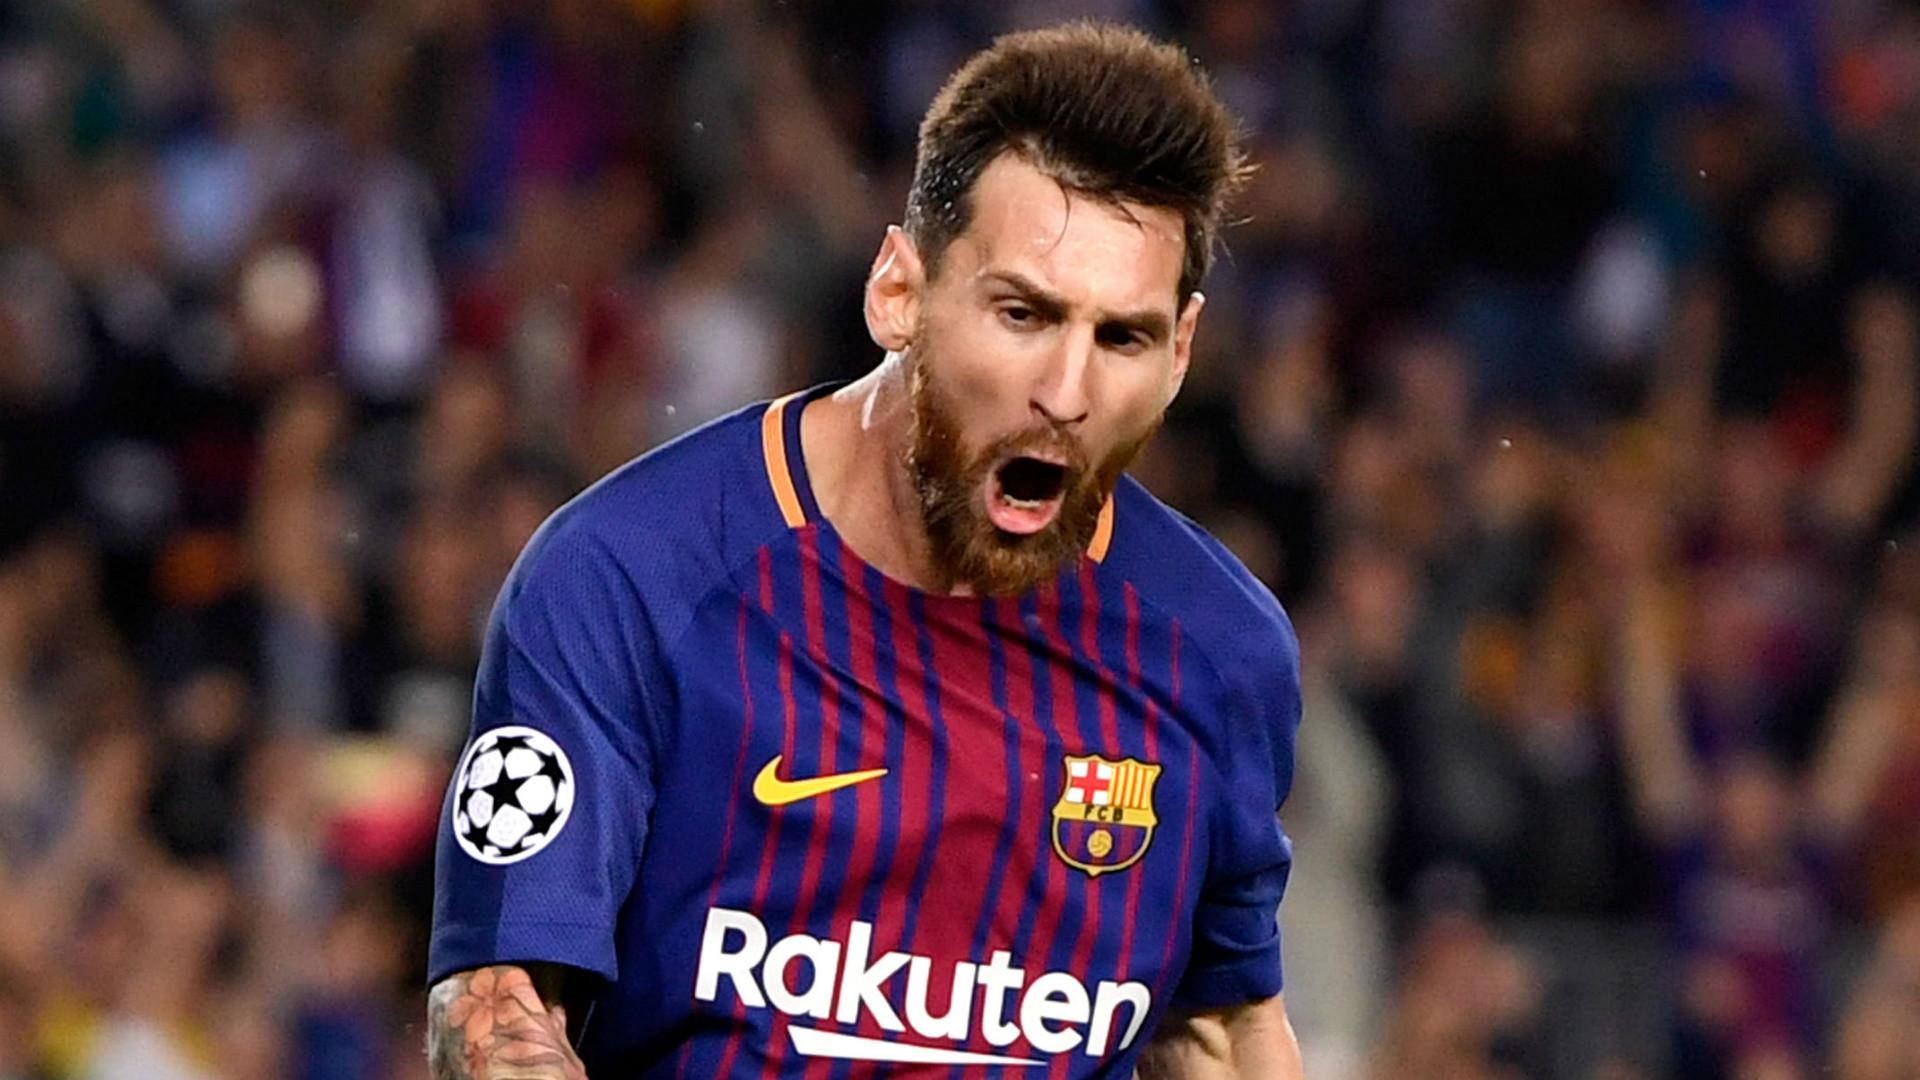 Messi Wallpaper Free Download - impremedia.net
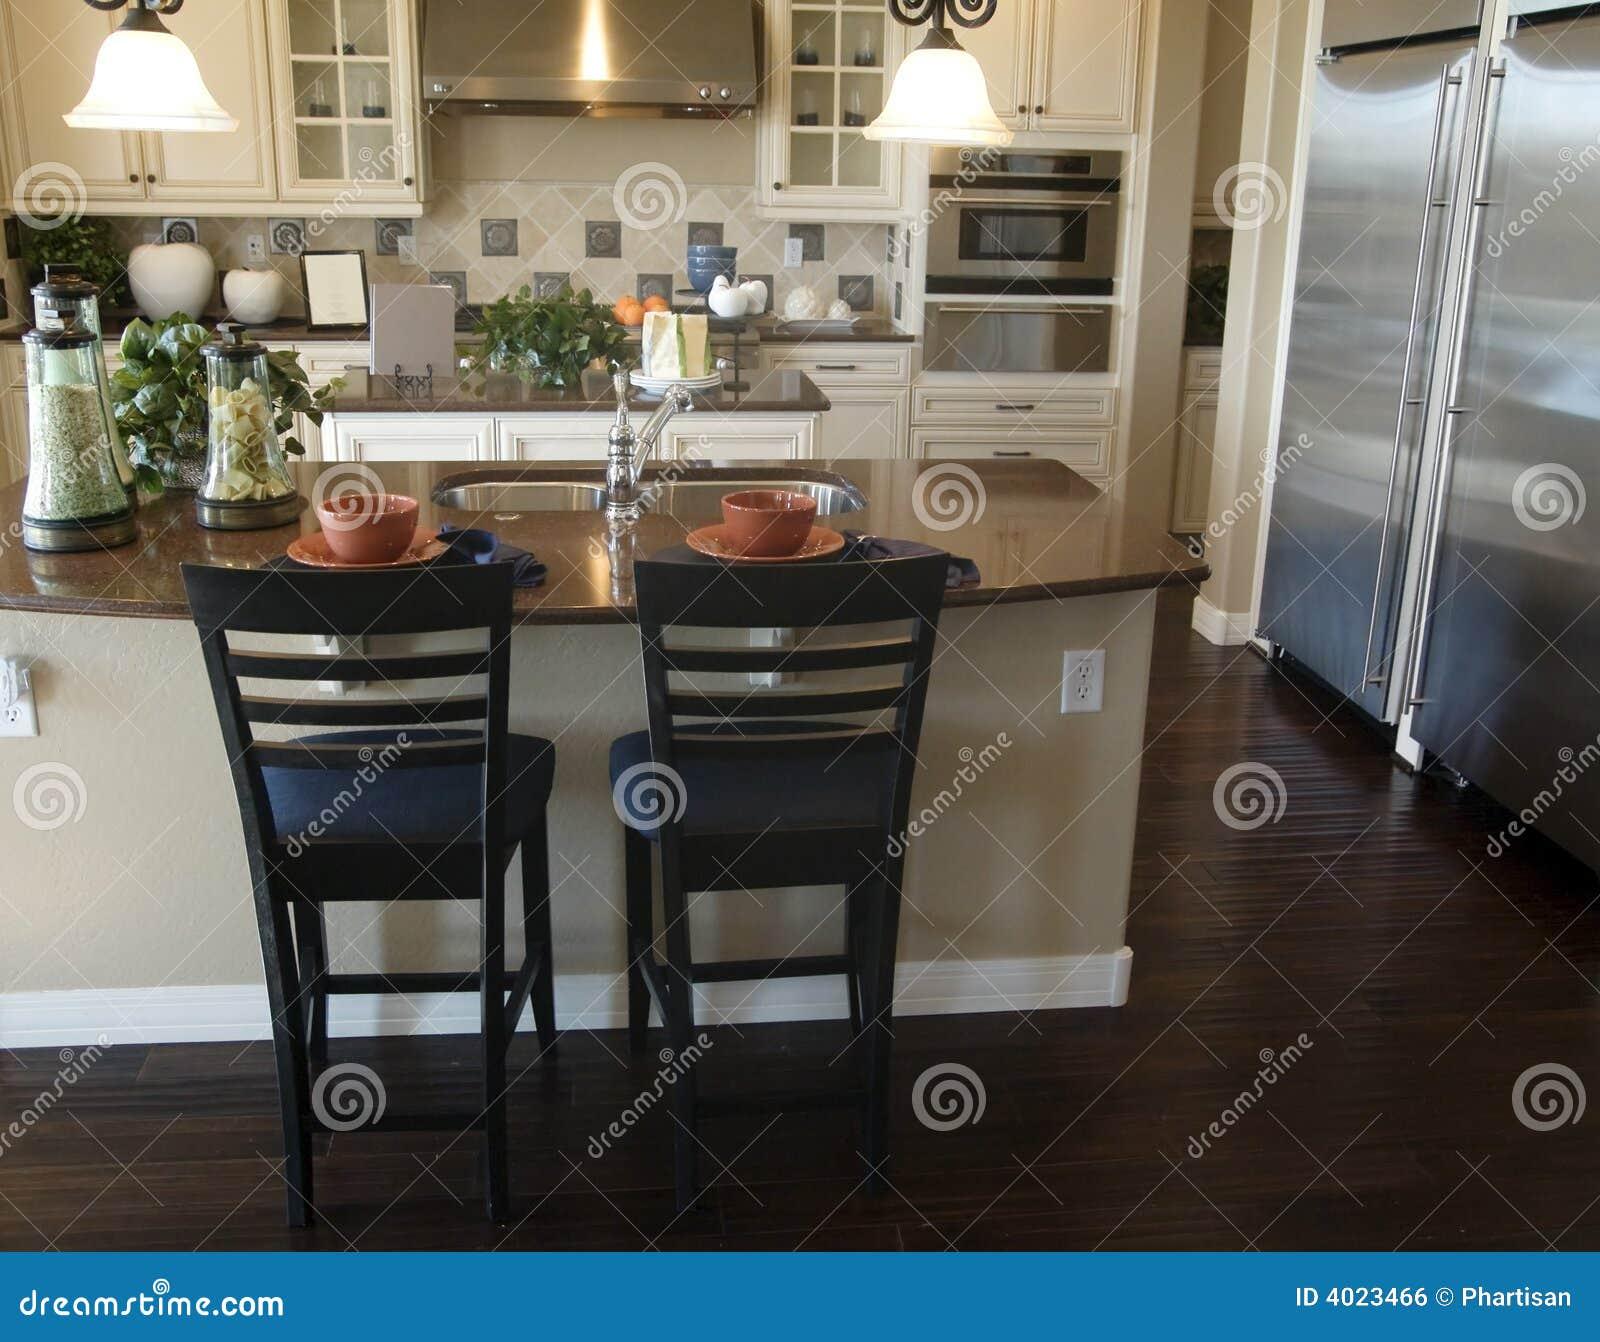 Dise o interior de la cocina moderna foto de archivo for Interior cocinas modernas
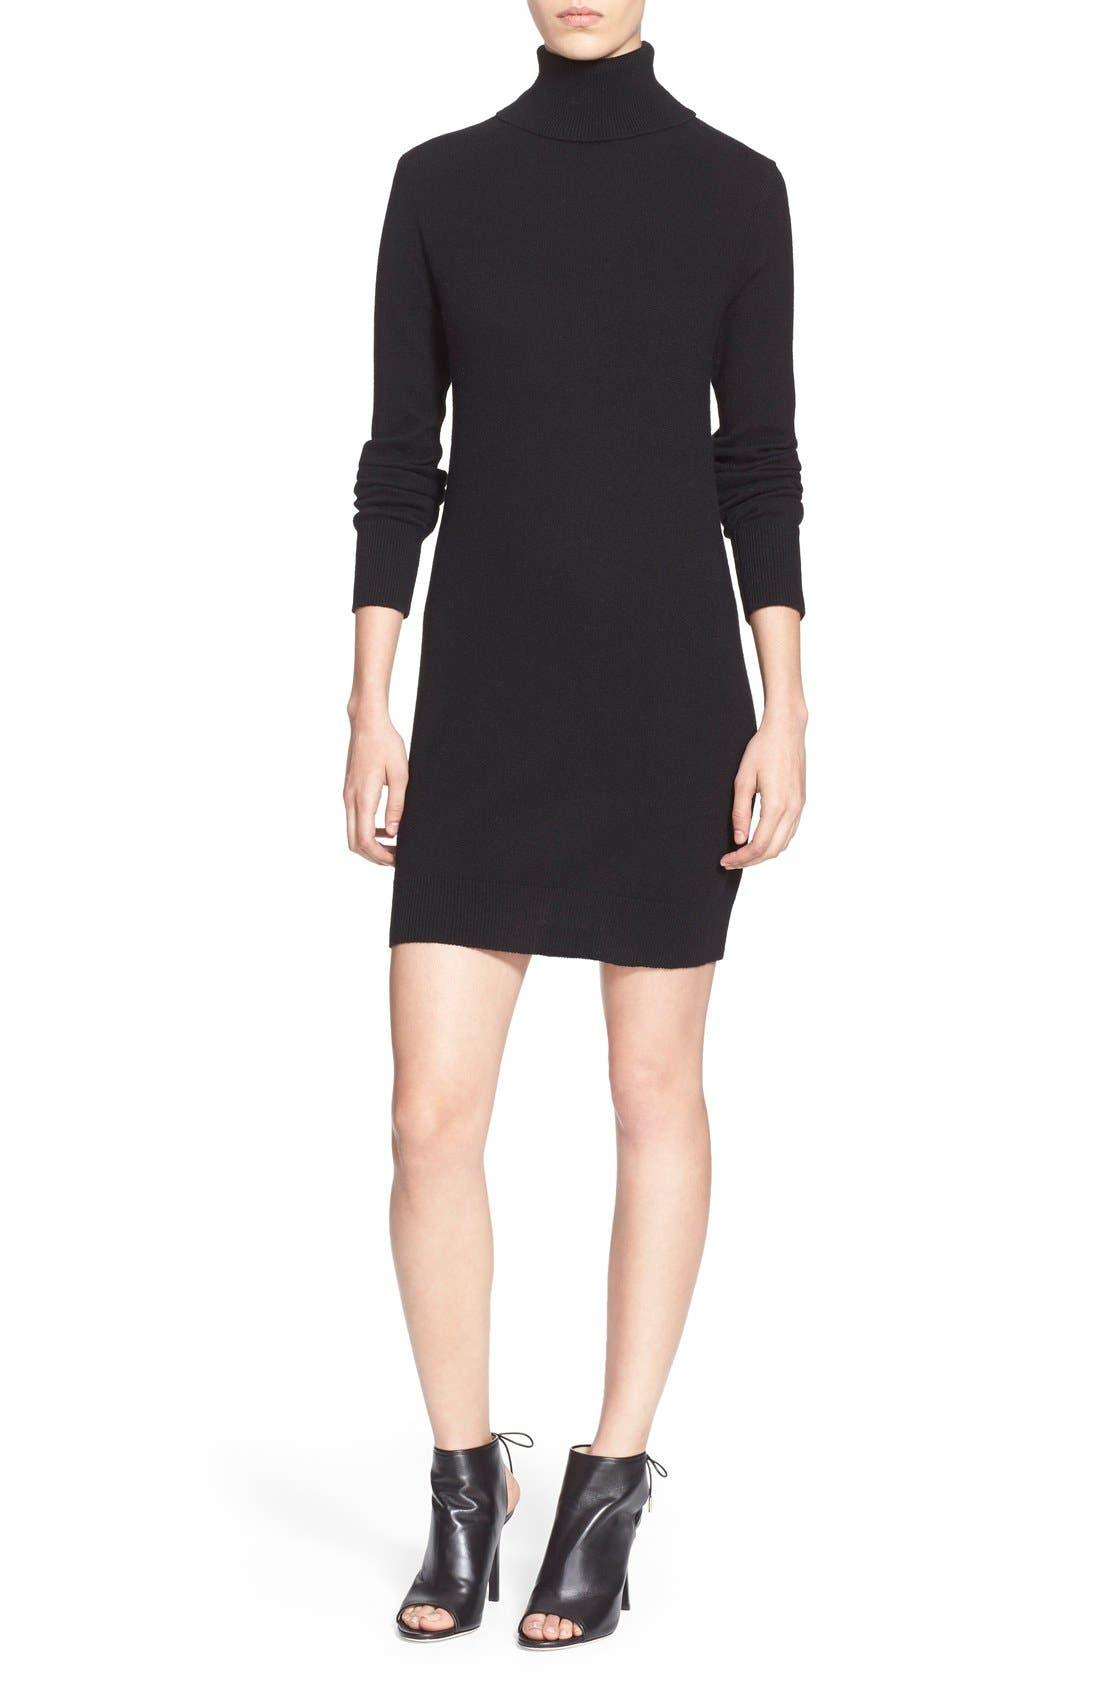 'Oscar' Turtleneck Sweater Dress,                             Main thumbnail 1, color,                             Black

*TASK TO COMPLETE*:
Every line of the material must be reproduced verbatim; the pictures are to be omitted.

*FINAL ANSWER*:
 Messi Wallpaper Free Download - impremedia.net
 Dise o interior de la cocina moderna foto de archivo for Interior cocinas modernas
 'Oscar' Turtleneck Sweater Dress,                             Main thumbnail 1, color,                             Black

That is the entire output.